The Boy Who Walked on His Hands: A Tale of Courage and Burden
How ten-year-old Raheela Mughal Yohan overcame paralysis to reach school while our children struggle under heavy backpacks.

The Courage of Raheela Mughal Yohan — and the Burden Our Children Carry
BY: Ubaid
Raheela Mughal Yohan is a ten-year-old boy from China, but his story carries a lesson for children across the world. He was only a year old when a sudden illness left the lower half of his body completely paralyzed. For many, such a life-altering disability might have closed the doors to childhood dreams and ambitions. But Yohan refused to let physical limitations turn into mental barriers.
As he grew older and watched other children his age walking to school every morning, a fire awakened inside him — a desire to learn, to grow, and to stand tall in the only way he could. He decided that disability would not decide his future.
And so, he made school a part of his life.
Since he could not stand or walk like others, Yohan created his own way of moving forward. Balancing on his palms, lifting his entire body weight on his hands, he would slowly “walk” to school. Every morning, before the sun fully rose, he would begin his journey. It took him nearly one and a half hours to reach the school gate. His younger sister accompanied him, carrying his schoolbag on her shoulders. Together they crossed rough paths, uneven roads, and long distances.
Whenever Yohan grew tired, the two siblings would stop to rest for a few minutes — and then continue again. There were no complaints, no excuses, and never a day when Yohan used his disability as a reason to avoid homework or school. His palms became his feet, his determination became his strength, and education became his dream.
Yohan’s story is, at first glance, a tale of extraordinary courage. But it also forces us to look closely at our own societies — especially in countries like Pakistan — where countless young students carry a different kind of burden.
Walk along any busy street at sunrise, and you will see them: small children with heavy backpacks strapped to their shoulders, their steps slow, their bodies bent, their faces sleepy yet determined. The metal rods on school vans are covered with dangling schoolbags, packed so tightly they look like they might drag the children backward.
These are not students carrying the weight of dreams — these are children carrying the weight of books heavier than their bodies can bear.

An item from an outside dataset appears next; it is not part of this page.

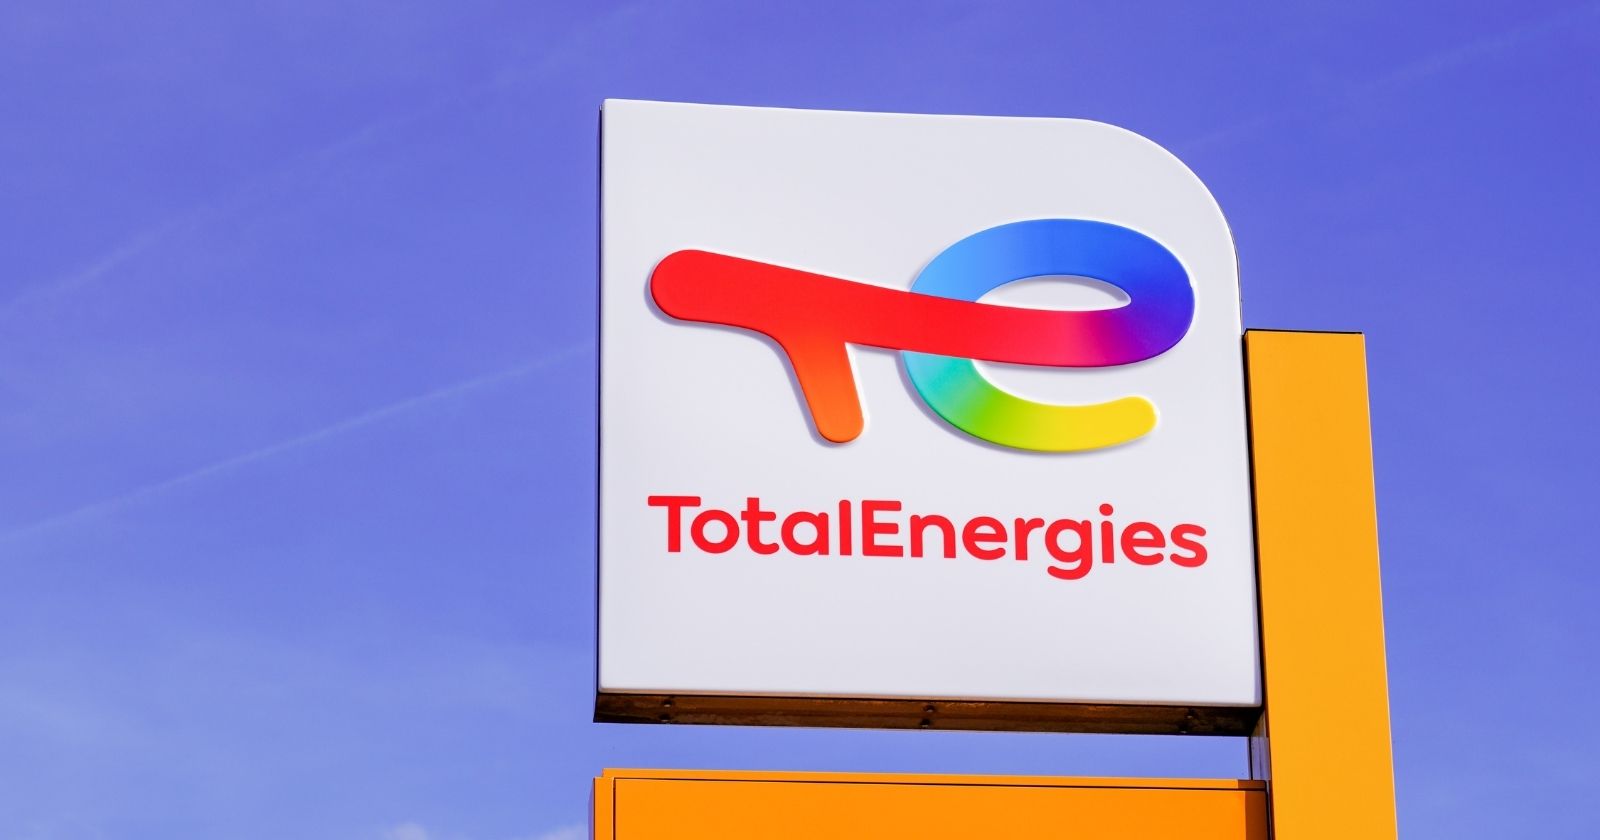 TotalEnergies announces a “gas check” of 100 euros for its customers “in energy poverty”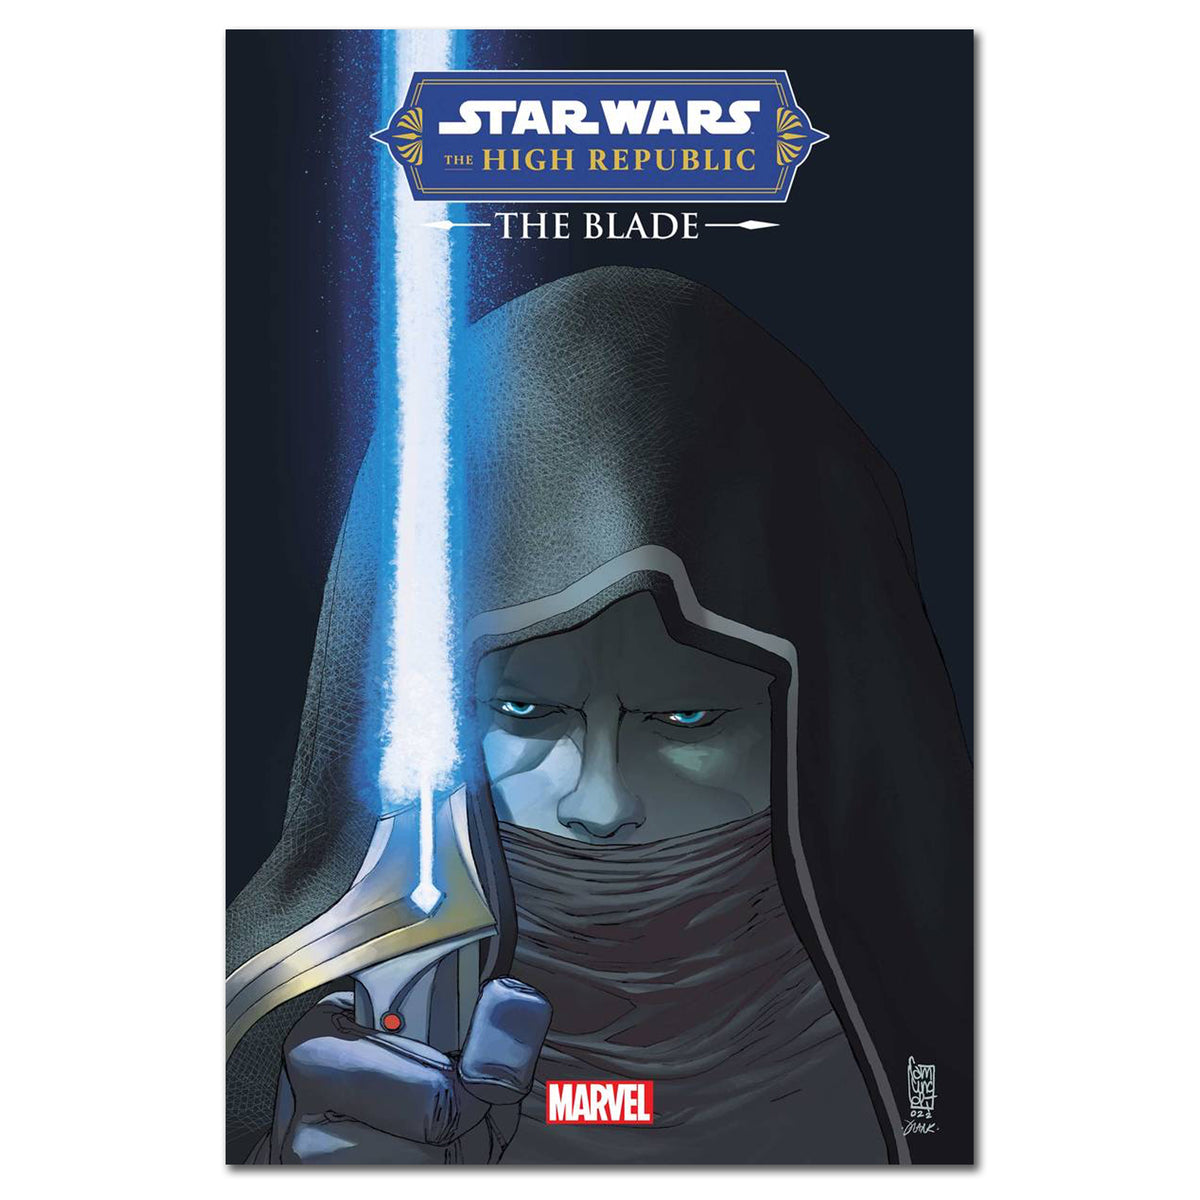 Star Wars The High Republic The Blade #1 (of 4) CAMUNCOLI FINALSALE

A sixth-grade child in Pakistan is usually around 11 to 12 years old and weighs roughly 30 to 32 kilograms. Yet the backpack he carries often weighs far more than the recommended limit. A fifth-grader, just 10 or 11 years old, weighs about 28 to 30 kilograms. Fourth-graders, 9 to 10 years old, weigh around 24 to 26 kilograms. And it continues downward: third-graders weighing 22 to 25 kilograms, second-graders 20 to 22, first-graders barely 16 to 18, and kindergarten children just 14 to 16 kilograms.
Medical experts around the world agree on one simple rule:
A schoolbag should never exceed 10–15% of a child’s body weight.
But in reality, we see children whose bags feel closer to 30–40% of their tiny frames — a slow punishment disguised as education. Their shoulders remain tilted all day. Their spines strain. Their young bones carry stress they were never designed to handle. Their walk to school resembles not a journey of learning, but a silent struggle.
Where Yohan overcame the weight of disability, our children struggle under the unnecessary weight of educational systems. Where Yohan found strength in hardship, many of our children lose health because of avoidable burdens.
And that contrast is what makes his story so powerful.
Yohan, a boy who cannot use his legs, accepted school as a blessing. He turned his pain into purpose. He found a way forward with nothing but the strength of his palms and the support of a loving sister.
Meanwhile, in our cities and villages, thousands of children fully capable of walking are being held back by something much simpler — the weight of their schoolbags. They are not disabled, yet we unintentionally disable them with pressure, load, and neglect.
Imagine the possibilities if our systems were as determined as Yohan.
Imagine the strength of a generation whose physical and mental health were protected.
Imagine children walking freely, not bent under unnecessary loads.
Yohan’s journey teaches us more than courage. It teaches us gratitude, perspective, and responsibility. It reminds us that education is not supposed to break a child’s back — it is meant to build their future.
As we admire the bravery of a boy who learned to walk with his hands, let us also think of the children in our own neighborhoods, walking with bent shoulders. Their struggle is different, but just as real.
If a ten-year-old boy with paralyzed legs can reach school every day with determination and hope, then surely we can lighten the burden on our own children — literally and emotionally.
Because the true purpose of education is not weight, but wisdom.